Pergunta 1: - Você está na praia com seus amigos e um deles sugere uma foto do grupo. Qual é a sua reação? 1. Se posiciona bem na frente da turma, para parecer por inteiro na foto. 2. Acha legal registrar o momento e se ajeita entre seus melhores amigos. 3. Aceita, mas não sem antes vestir uma camiseta ou shorts, para cobrir parte do seu corpo. 4. Diz que não quer. Se insistirem muito, você pega as suas coisas e vai embora sozinho. Papelzinho: Ver função para Patrícia Saravy e Henrique Saidel. Obs: O Henrique pirou com esse negócio de bonecos. (Peço para Patrícia – que está sentada com o público - emprestar sua cadeira. Coloco a cadeira frente à mesa enquanto falo): A Leonarda Glück poderia estar sentada aqui, ou em algum canto da sala penteando seus cabelos loiros. Separo uma fala para Bertazzo, com seus braços longos: Como funcionam as cirurgias para fazer enxertos em vegetais? Cavaleiro é a árvore que no final vai produzir os frutos. Cavalo ou cavalinho é a que vai dar suporte, fornecendo água e nutrientes. O filme, eu nunca mais lembrei. Fiz 36 exames de sangue. Colesterol total 132. Desejável 200. A médica diz: não é bom, prejudica a memória. Comer castanhas, sardinha, atum com óleo, azeites. Vitamina D está baixa. Também prejudica a memória. Menopausa. Tudo prejudica a memória. Deito. Pego um sudoku que é bom para centrar os pensamentos. Populares no Netflix: “Sem Limites”: o cara toma a pílula da inteligência. Em qualquer situação ele se lembra de tudo que já viu, ouviu ou leu na vida. A informação é selecionada em frações de segundo. Caminho. tec tec tec tec tec tec A avó de Luana aprendeu a ler aos 80 anos. Leonarda – que está sentada junto ao público – levanta-se e se senta na cadeira no canto da sala. Penteia-se. Telefonema de Paulo Reis: 13


- Lisss, tô fazendo uma limpa na minha biblioteca. - Que bom, querido. Quero o livro do Agamben.
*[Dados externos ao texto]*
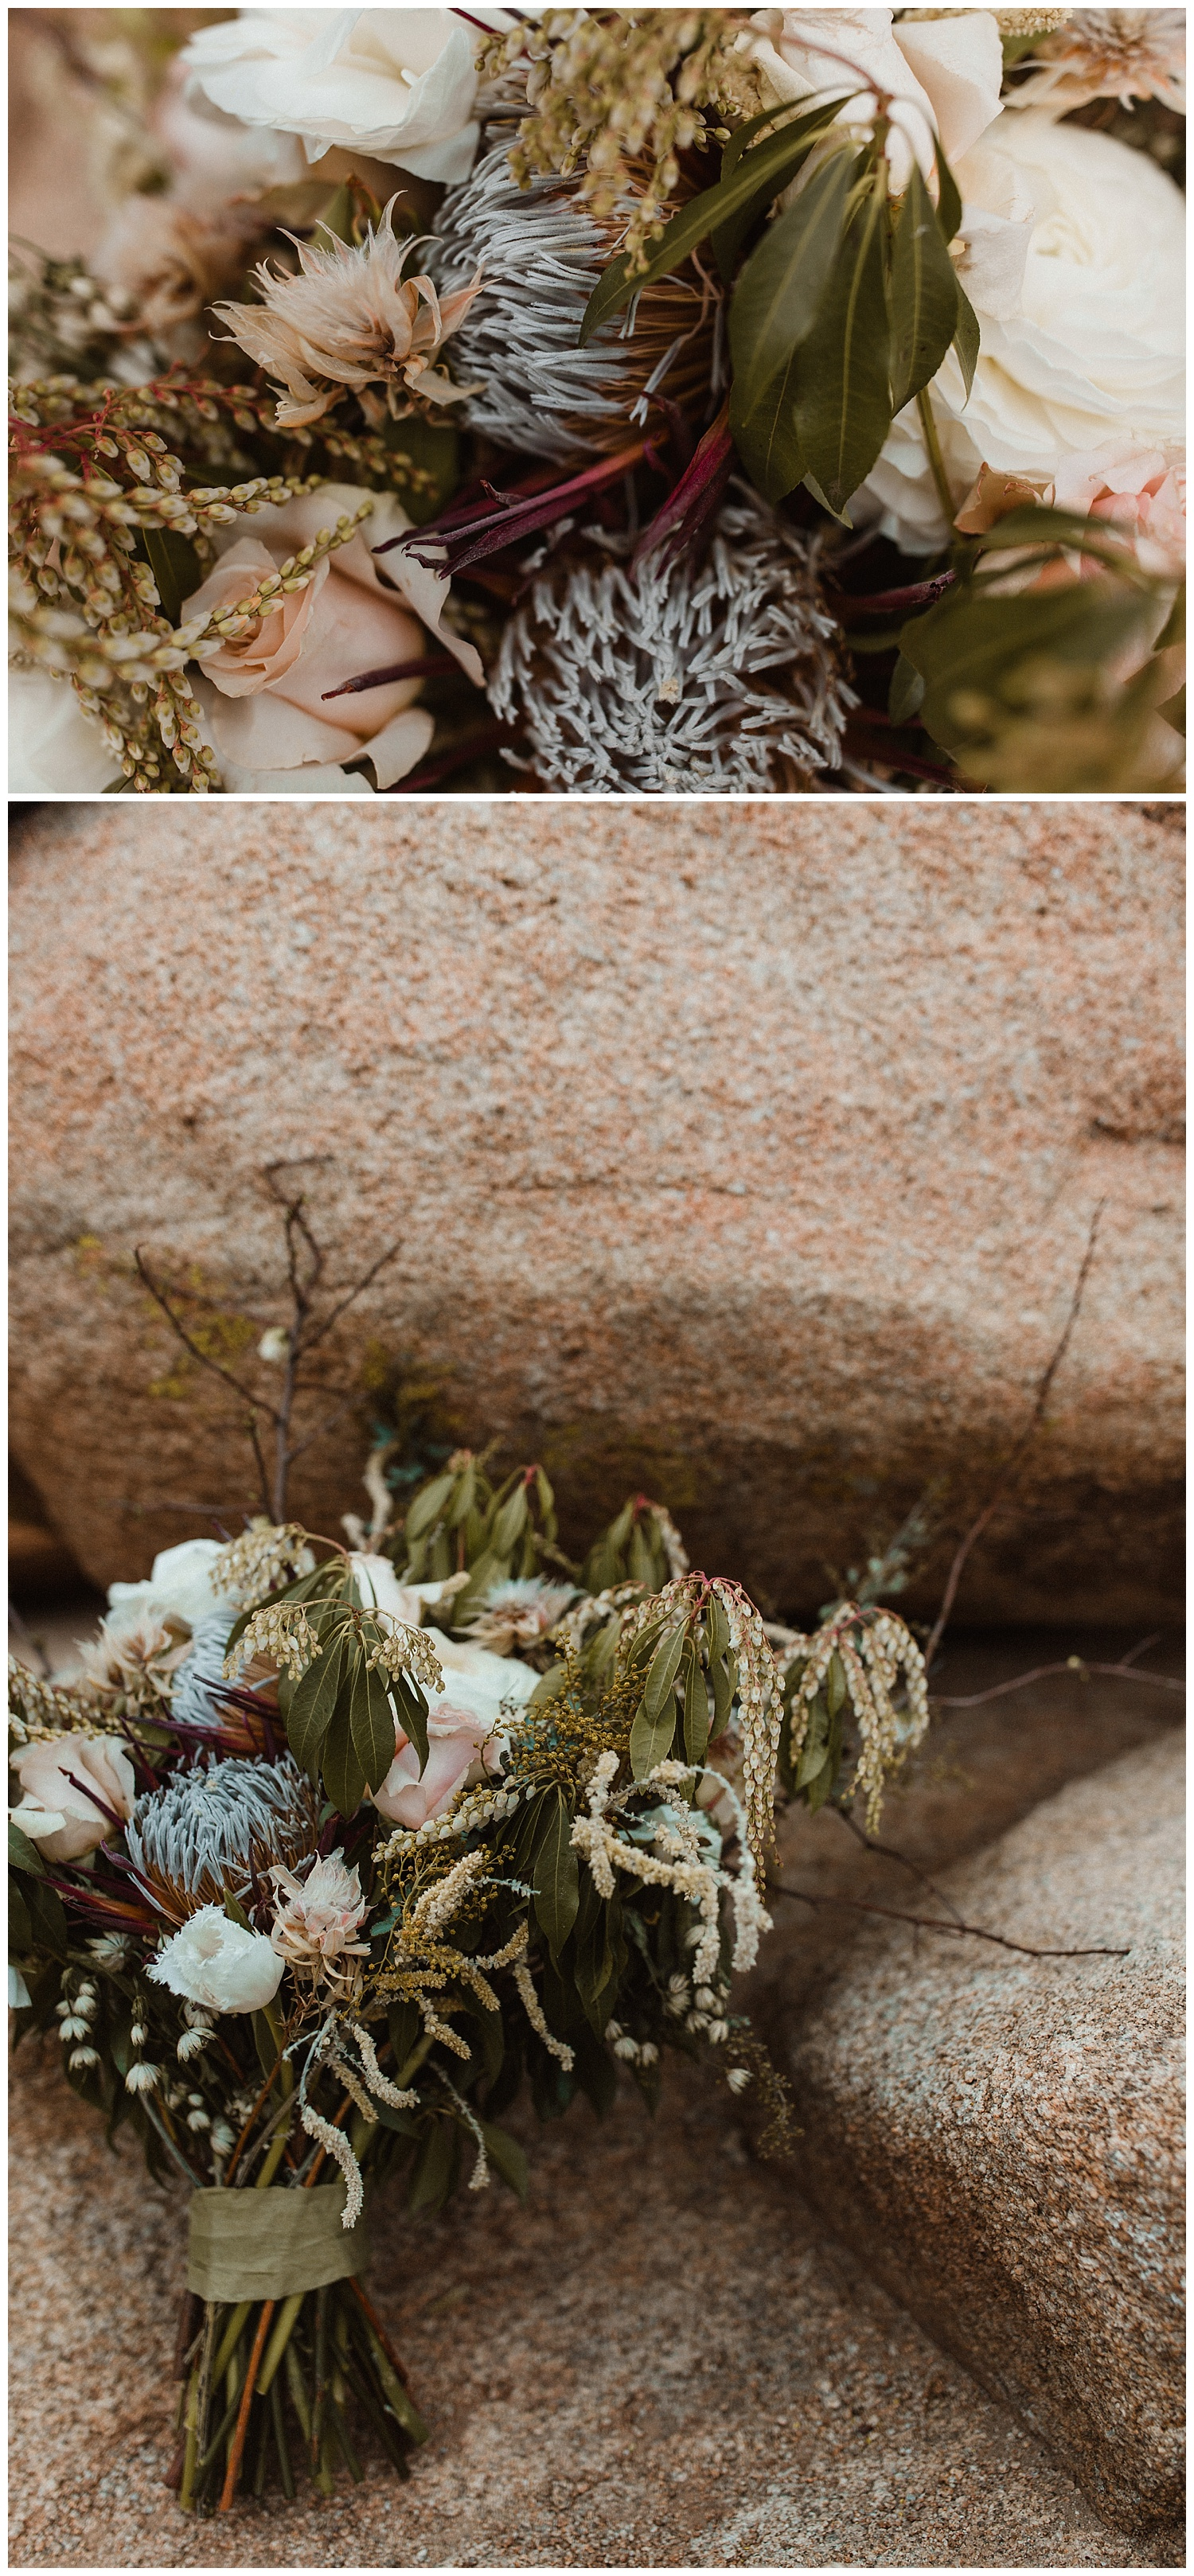 romantic_elopement_joshua_tree_adventurous_wedding_photographer_romantic_intimate_wedding_0005.jpg
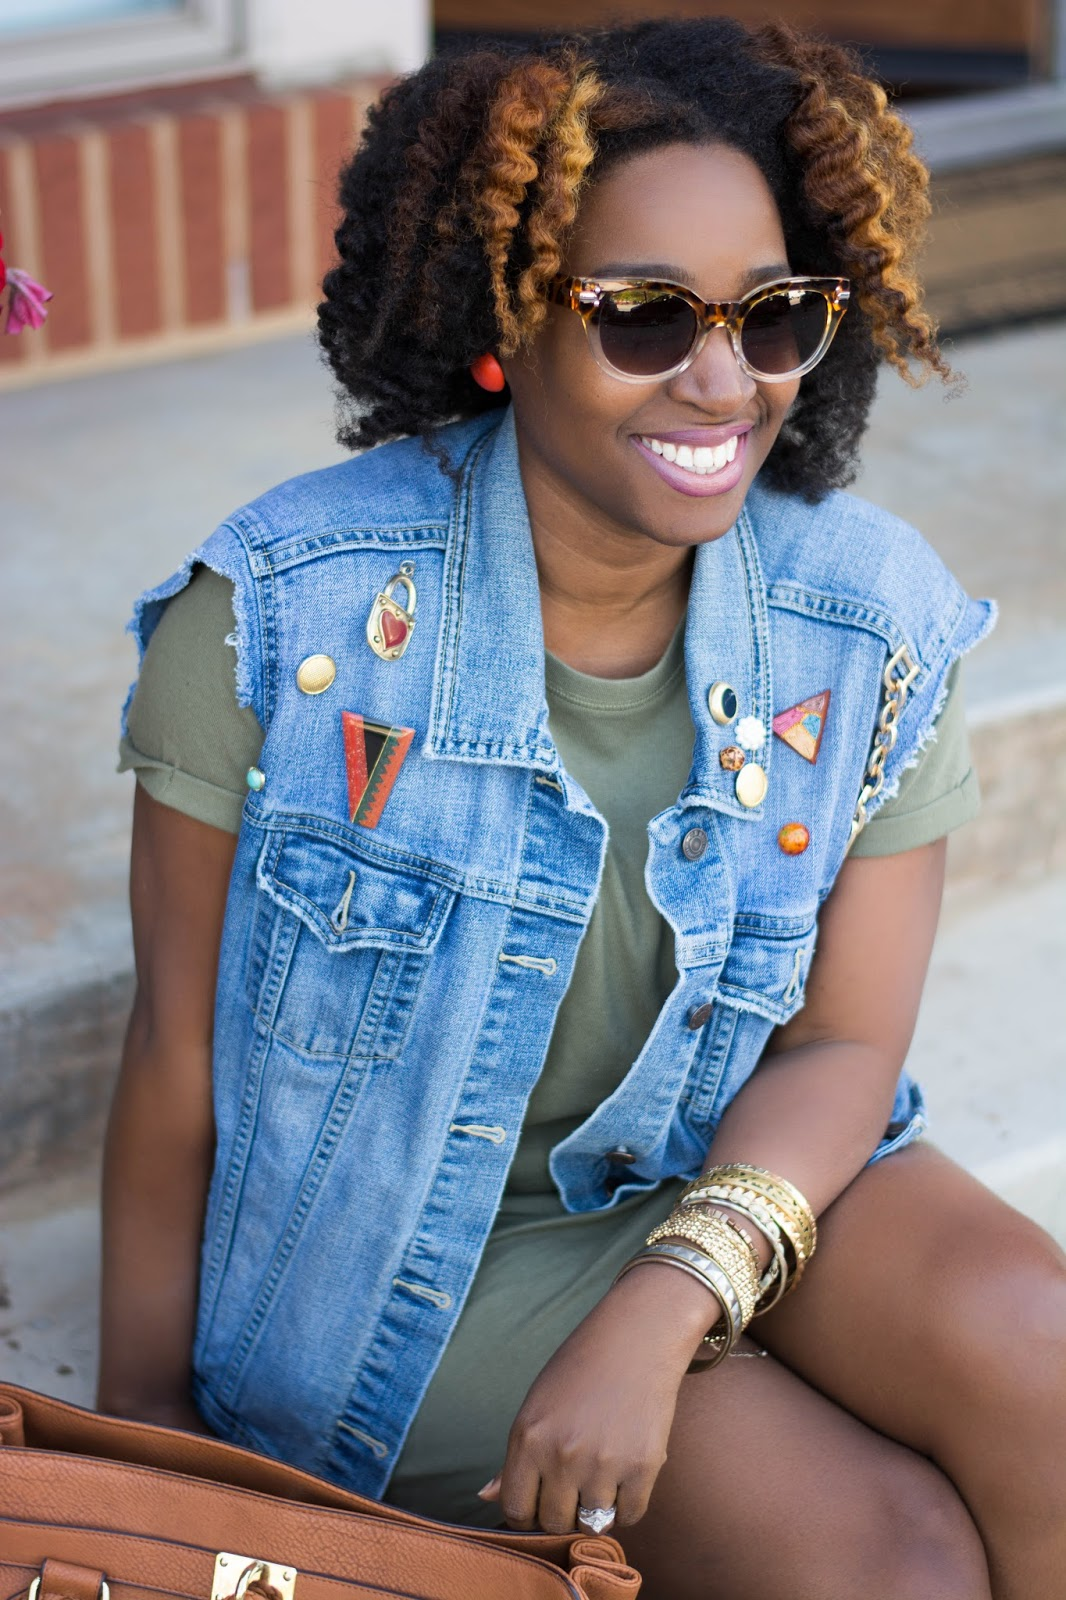 Atlanta stylist, Atlanta blogger, Style blogger, Black blogger, Black girls killing it, Black girls rock, Forever21, Booties, Handbag, T-Shirt dress, Denim vest, Diy street fashion, Brown girls, Natural Hair, Shoedazzle, Olive shirt dress, Summerwear, Springwear

Patrícia pega a cadeira que Leonarda desocupou e se senta à sua frente. “Como pode uma imagem carregar-se de tempo?” Domenico da Piacenza enumera seis elementos fundamentais da dança, sendo o elemento central o fantasmata: “Digo a ti, que quer aprender o ofício, é necessário dançar por fantasmata, e nota que fantasmata é uma presteza corporal, que é movida com o entendimento da medida (...) parando de vez em quando como se tivesse visto a cabeça da medusa, como diz o poeta, isto é, uma vez feito o movimento, sê todo de pedra naquele instante, e no instante seguinte cria asas como o falcão que tenha sido movido pela fome, segundo a regra acima, isto é, agindo com medida, memória, maneira com medida de terreno e espaço”. Telefonema para Paulo Reis: - Obrigada, querido. Vou ler o livro inteiro do Agamben lá no Corpo sem sinônimo. - Obrigada, querido. Vou usar o livro do Agamben para todas as situações. - Obrigada, querido. Vou doar todos os meus livros e só vou ficar com o livro do Agamben. Papelzinho na parede: Se fosse possível retirar o contorno do corpo. E a Luana, ali, parada entre contêineres laranjas. Encontro com Luana: O que pode ser resistência de um corpo no espaço? A contaminação ou a não-contaminação. Luana evita as manifestações. Retira o espetacular. Corpo sem sinônimo = corpo vazio.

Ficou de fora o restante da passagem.